WHAT THE TASK REQUIRES.
Take the lines from the one with "Shop LC Delivering" through the end of the material below and repeat them exactly, dropping every picture.

COLLECTED DATA.

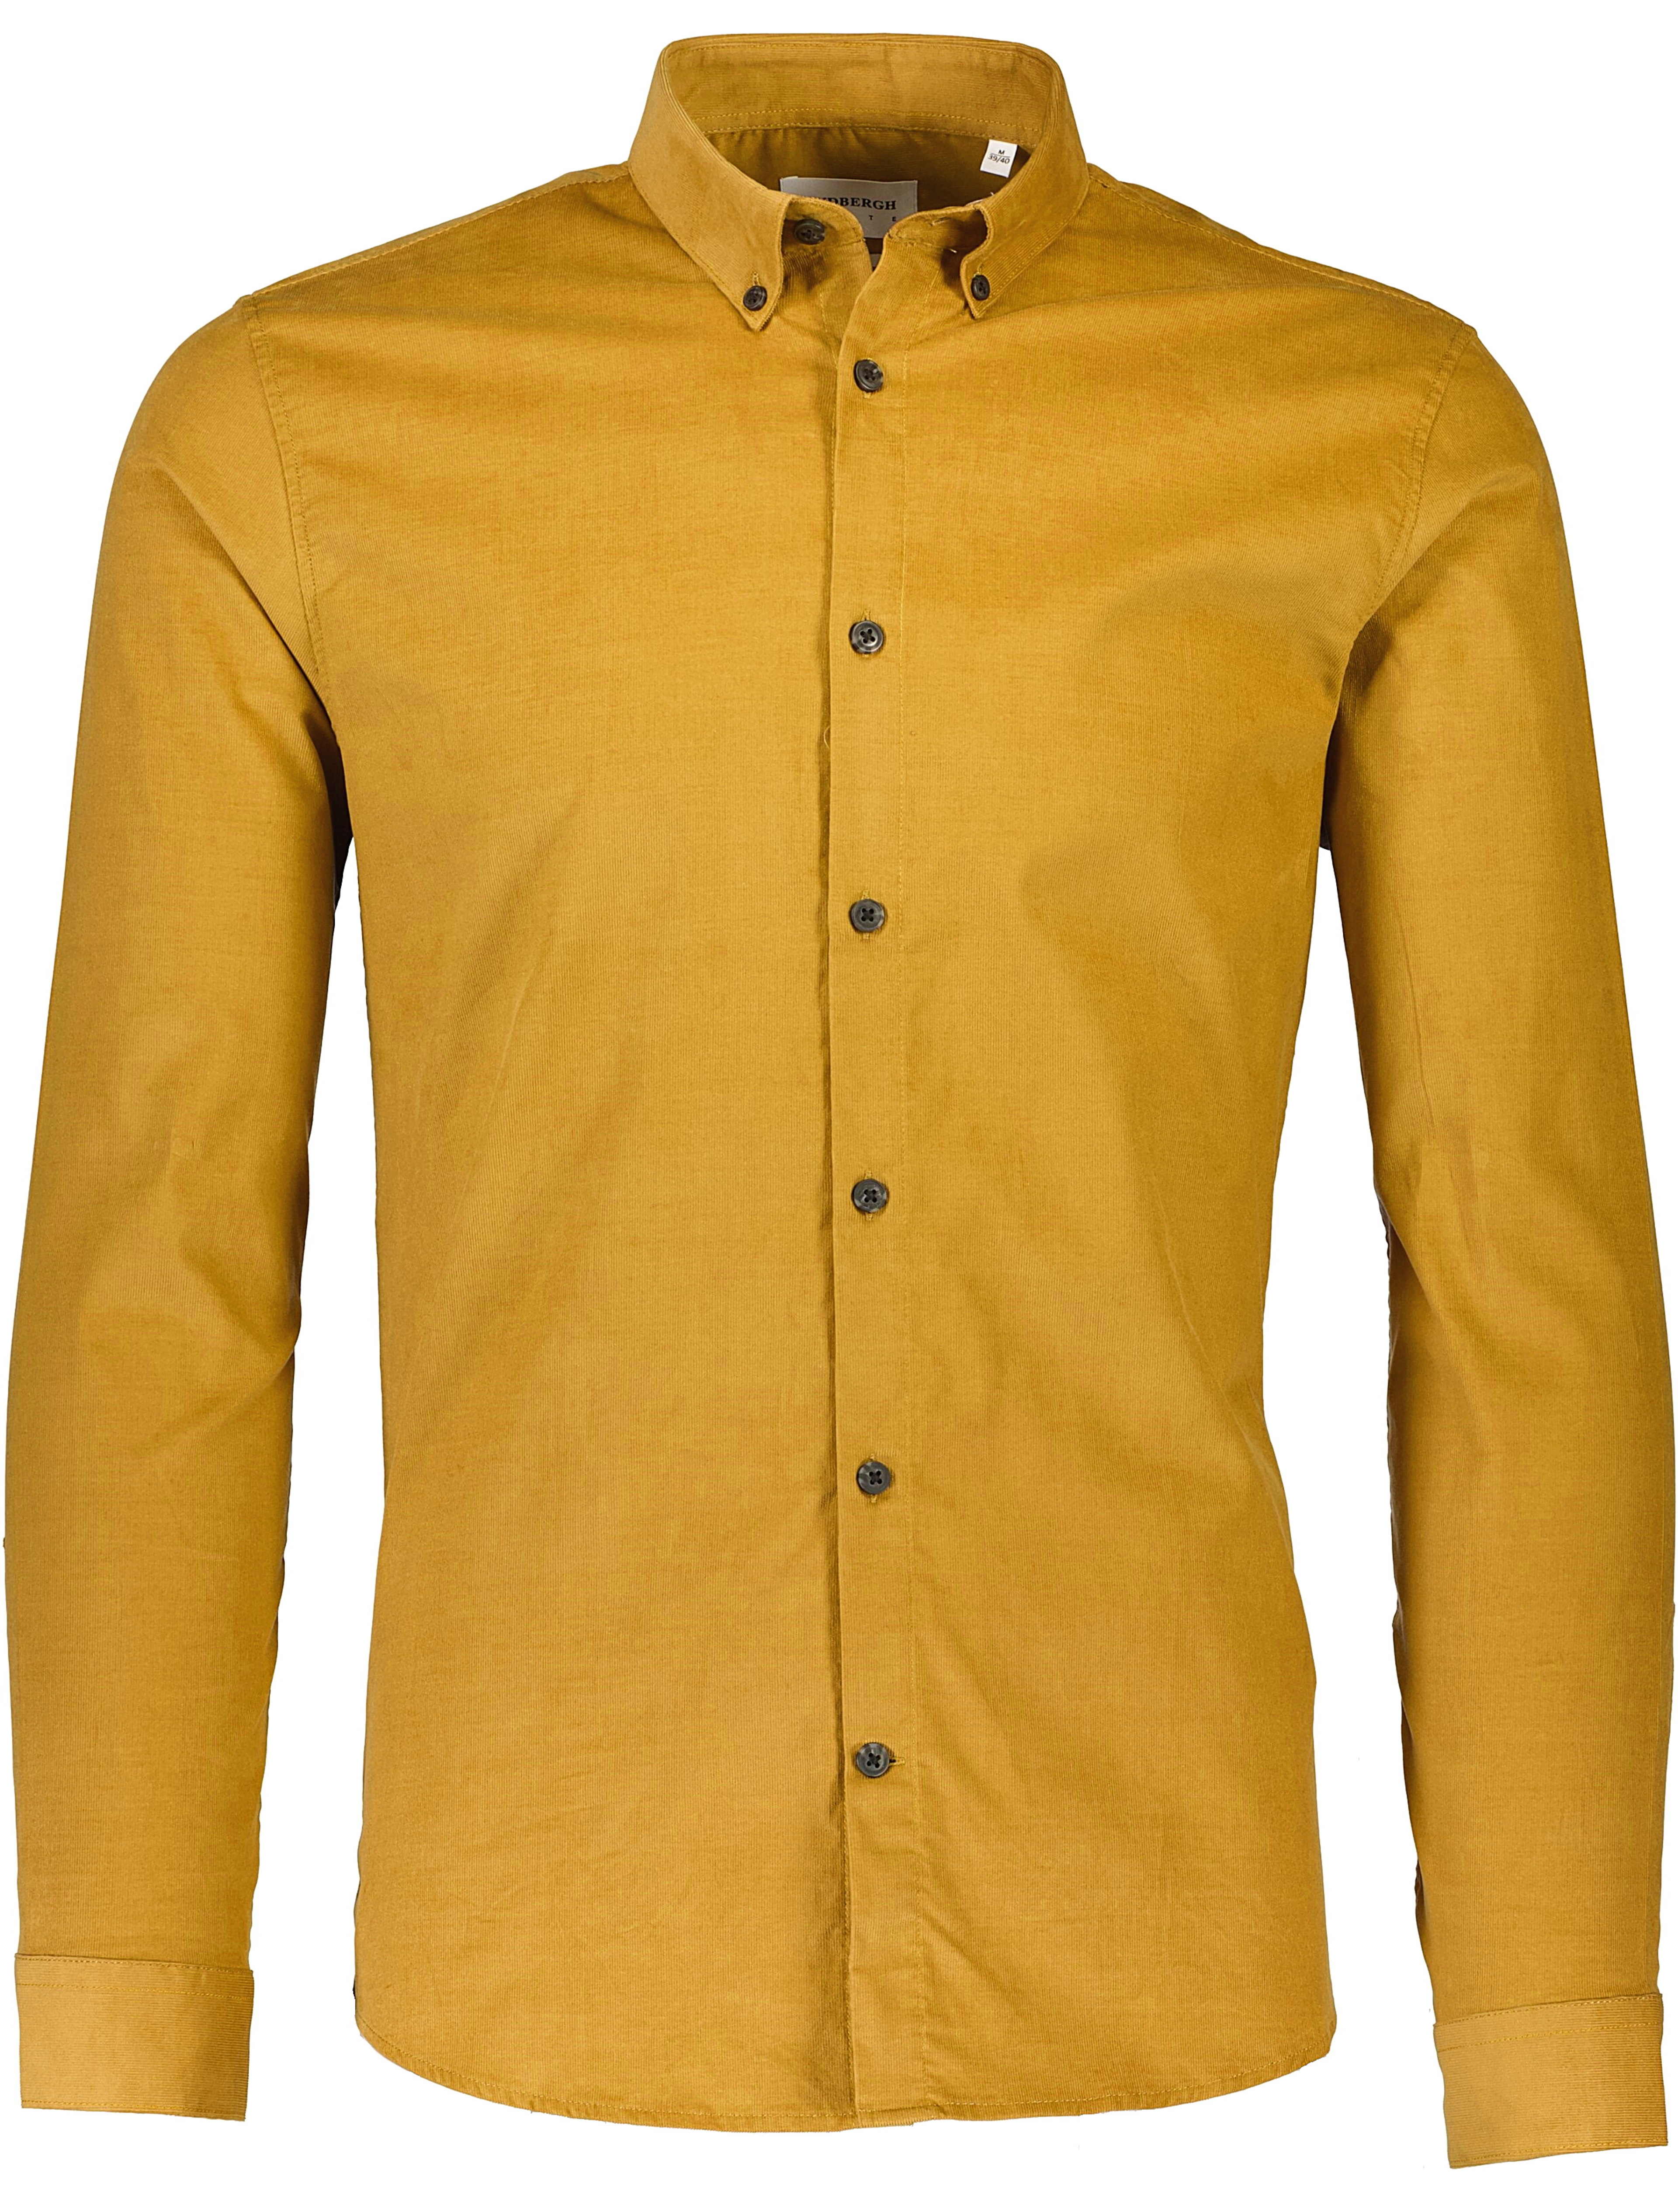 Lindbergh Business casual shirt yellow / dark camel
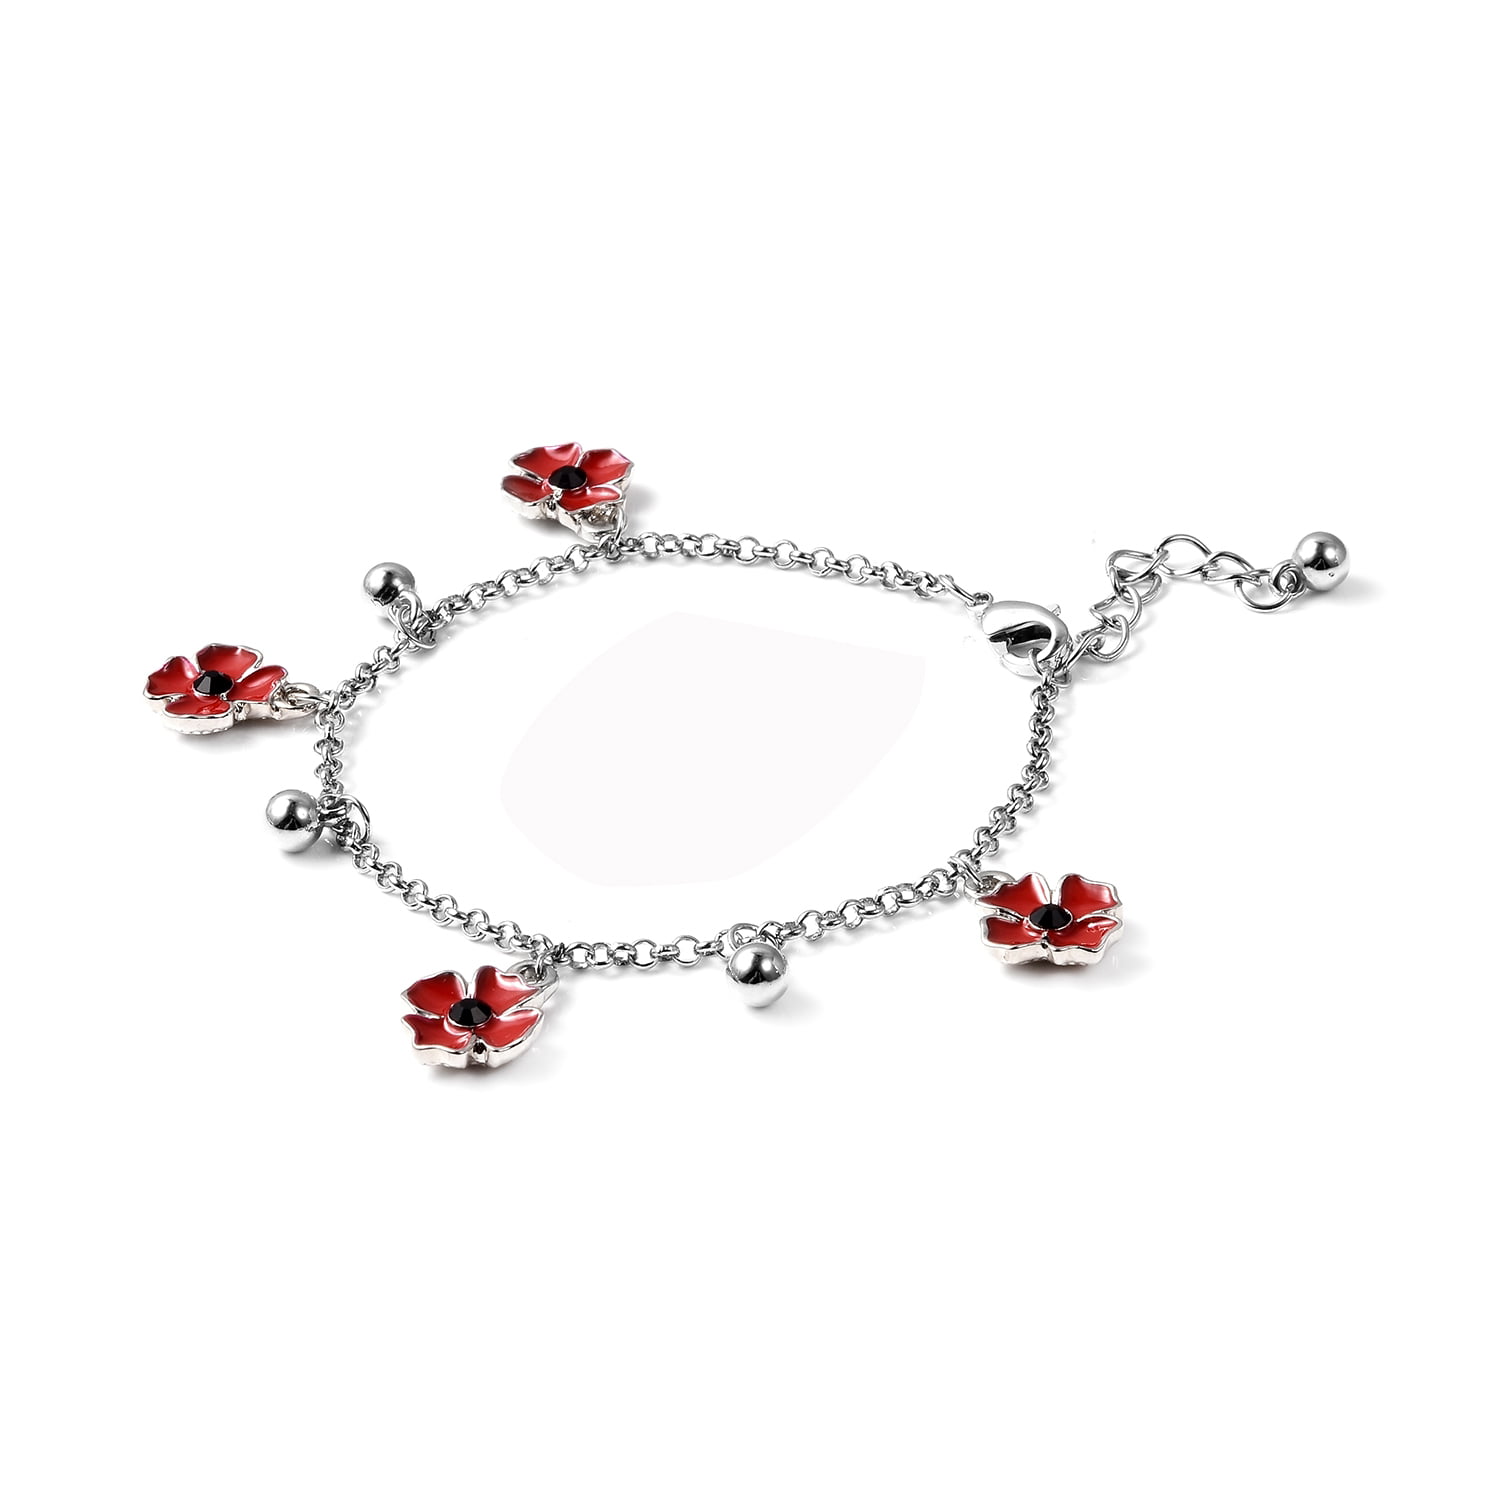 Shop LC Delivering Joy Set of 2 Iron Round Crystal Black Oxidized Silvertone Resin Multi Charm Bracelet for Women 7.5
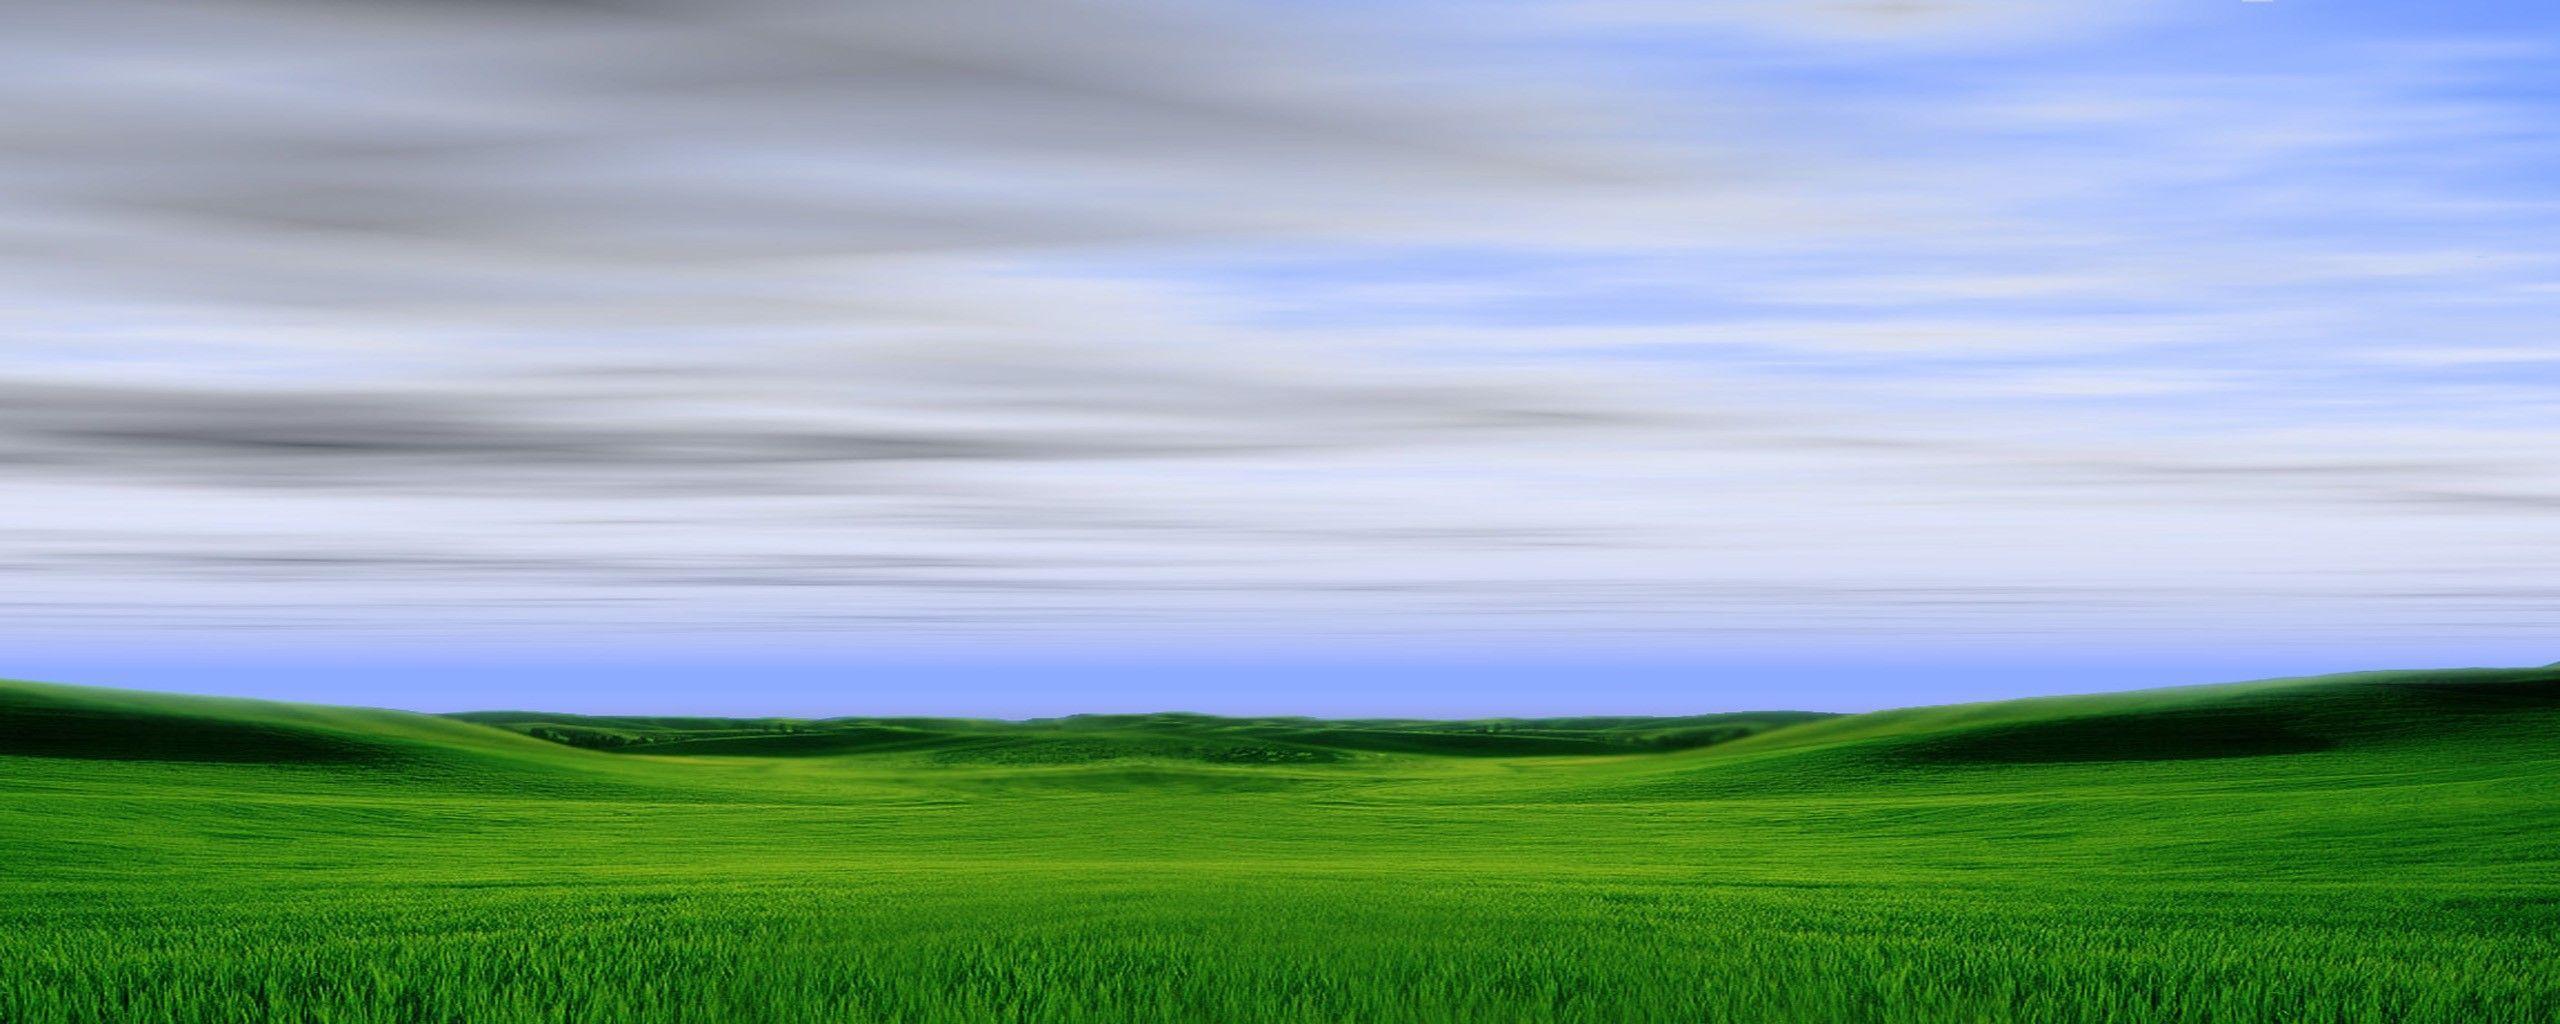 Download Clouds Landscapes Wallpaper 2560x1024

RESPONSE.
 Shop LC Delivering Joy Set of 2 Iron Round Crystal Black Oxidized Silvertone Resin Multi Charm Bracelet for Women 7.5
 Download Clouds Landscapes Wallpaper 2560x1024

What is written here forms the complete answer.